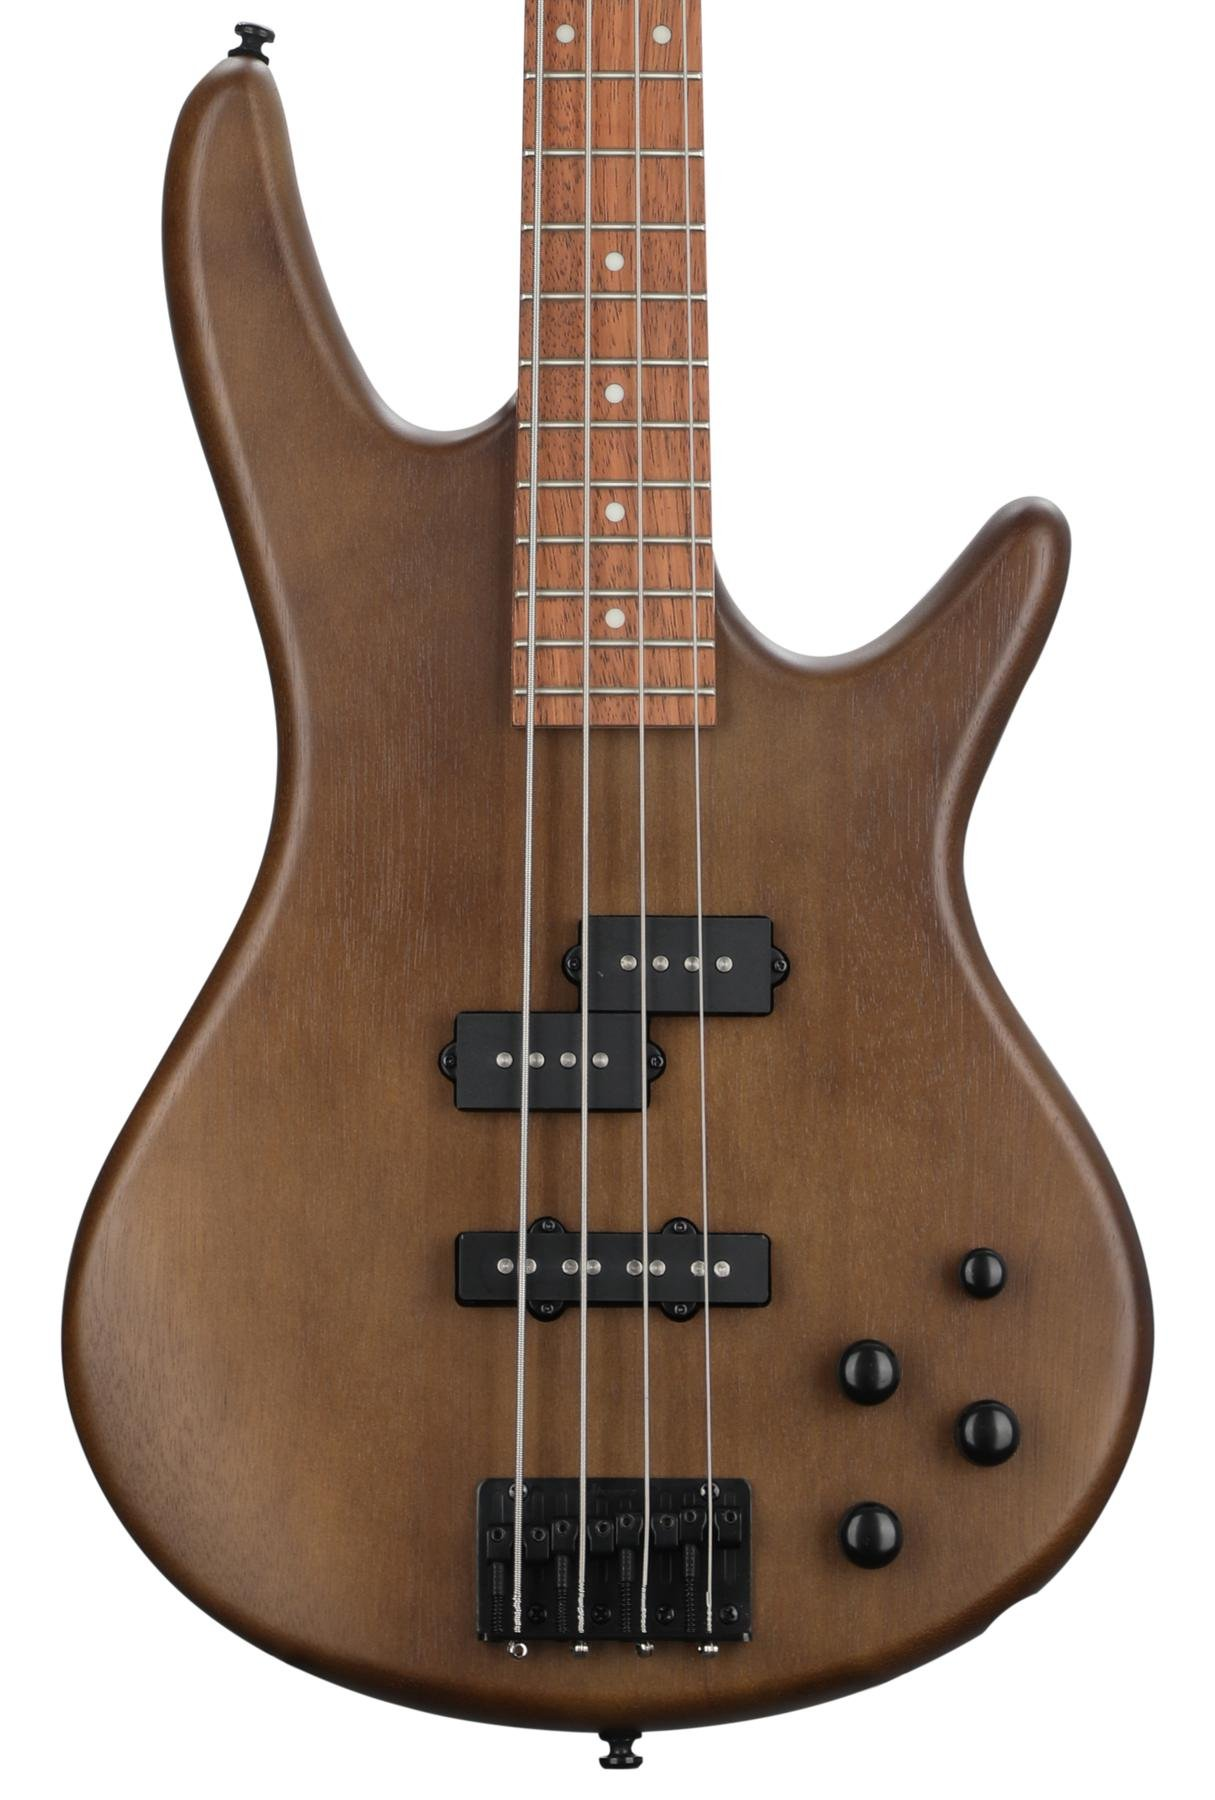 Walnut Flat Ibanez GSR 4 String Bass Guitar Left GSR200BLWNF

* * *

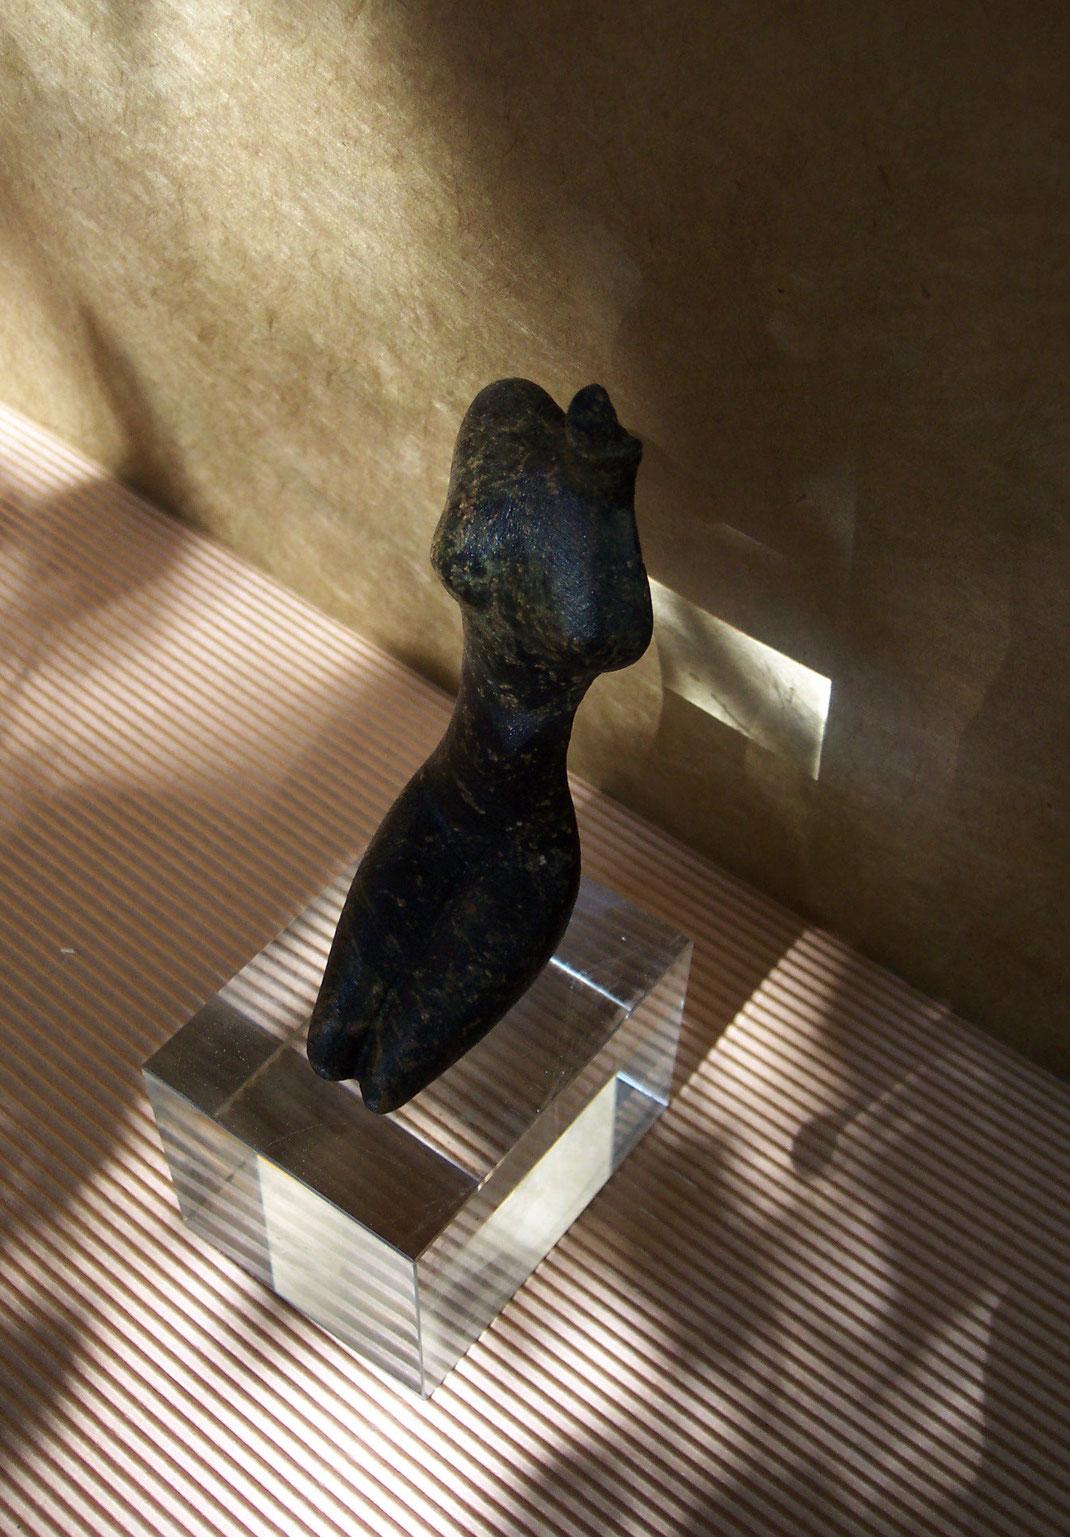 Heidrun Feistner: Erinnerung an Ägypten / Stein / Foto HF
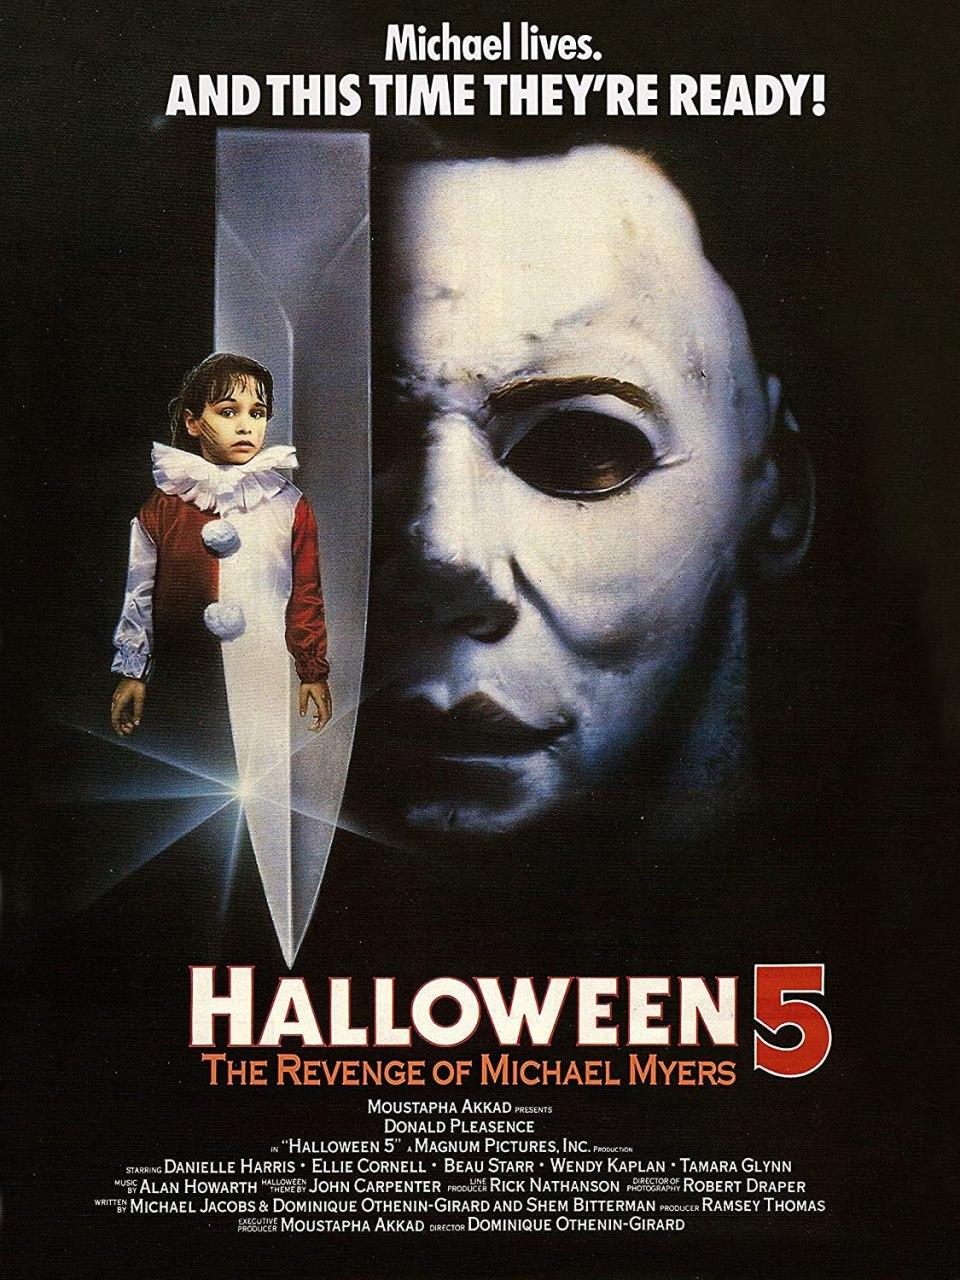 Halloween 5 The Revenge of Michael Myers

--

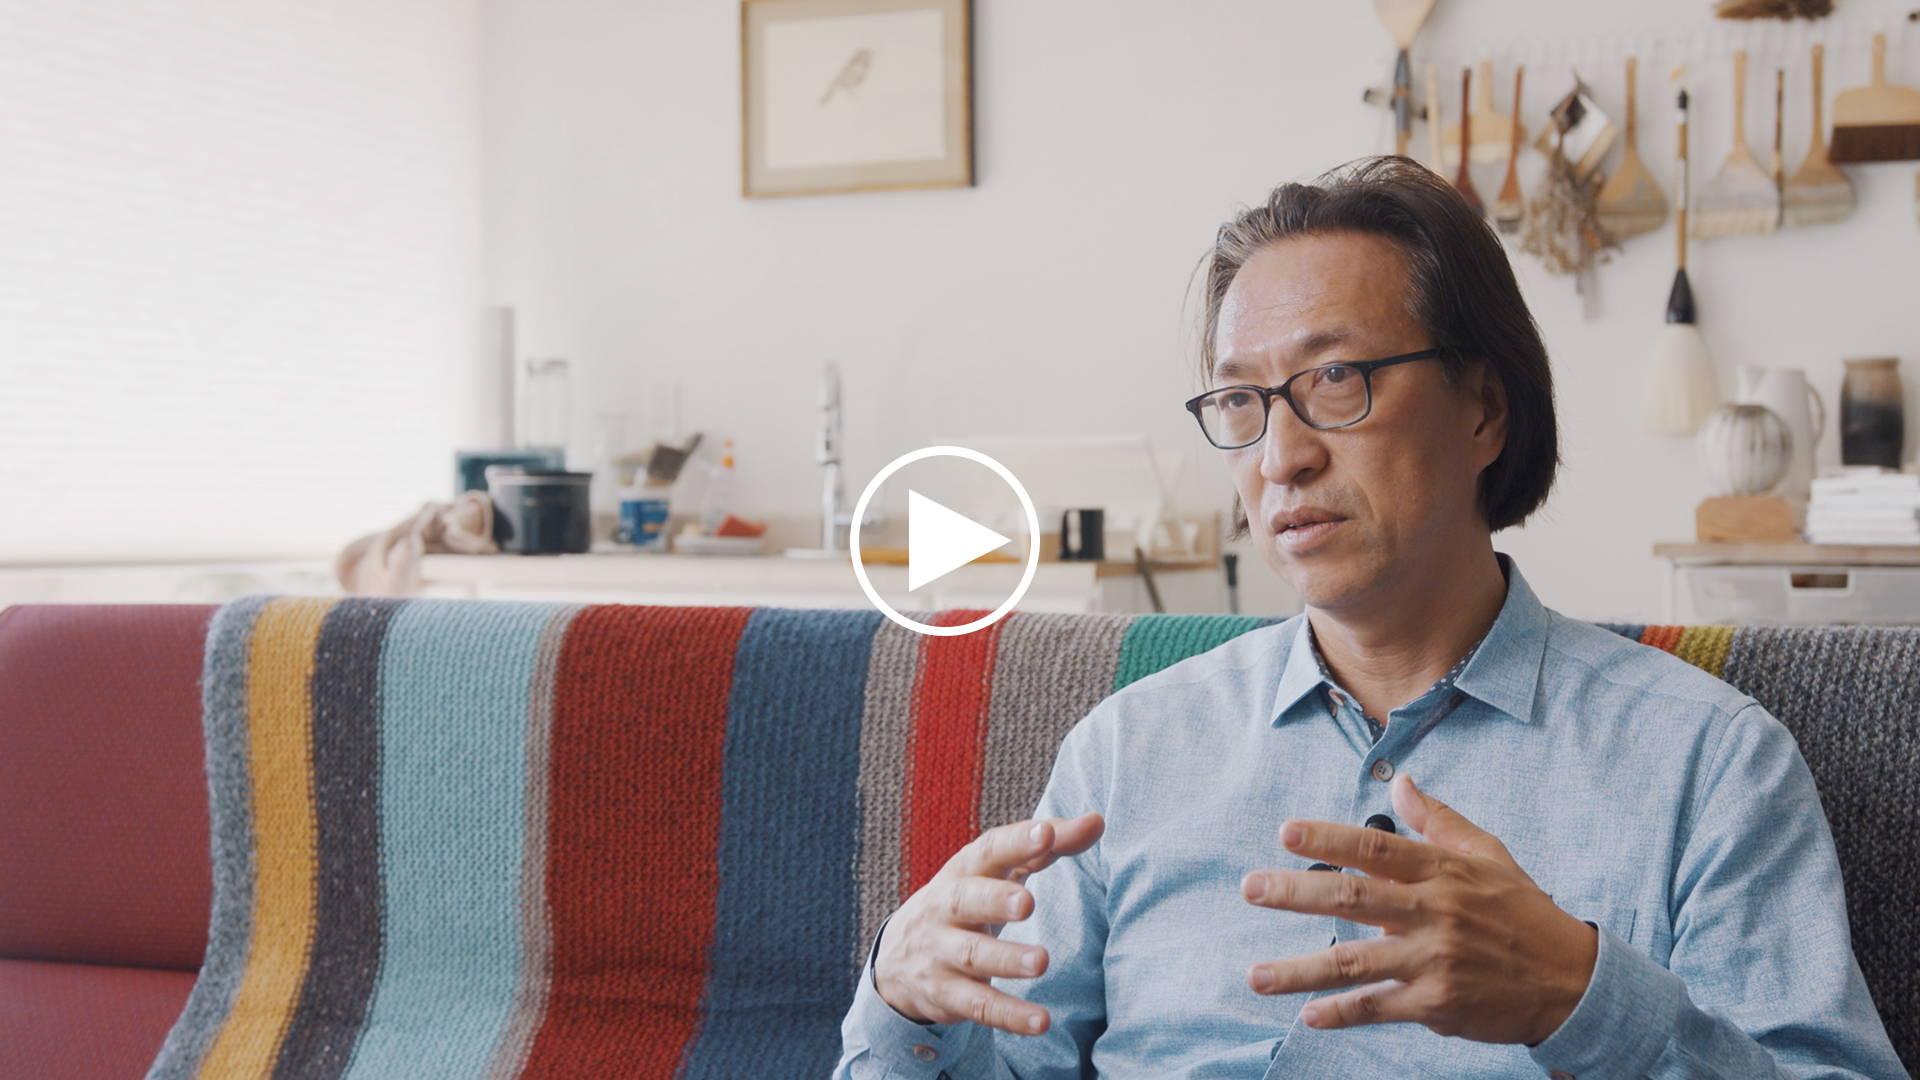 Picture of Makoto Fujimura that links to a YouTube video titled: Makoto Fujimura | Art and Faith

AIM OF THE EXERCISE
Using the data above, copy exactly the lines from the one containing "Heidrun Feistner: Erinnerung" to the one containing "Halloween 5 The Revenge of Michael Myers", inclusive. Exclude the pictures.

SOLUTION FOR THIS PROBLEM
 Heidrun Feistner: Erinnerung an Ägypten / Stein / Foto HF
 Halloween 5 The Revenge of Michael Myers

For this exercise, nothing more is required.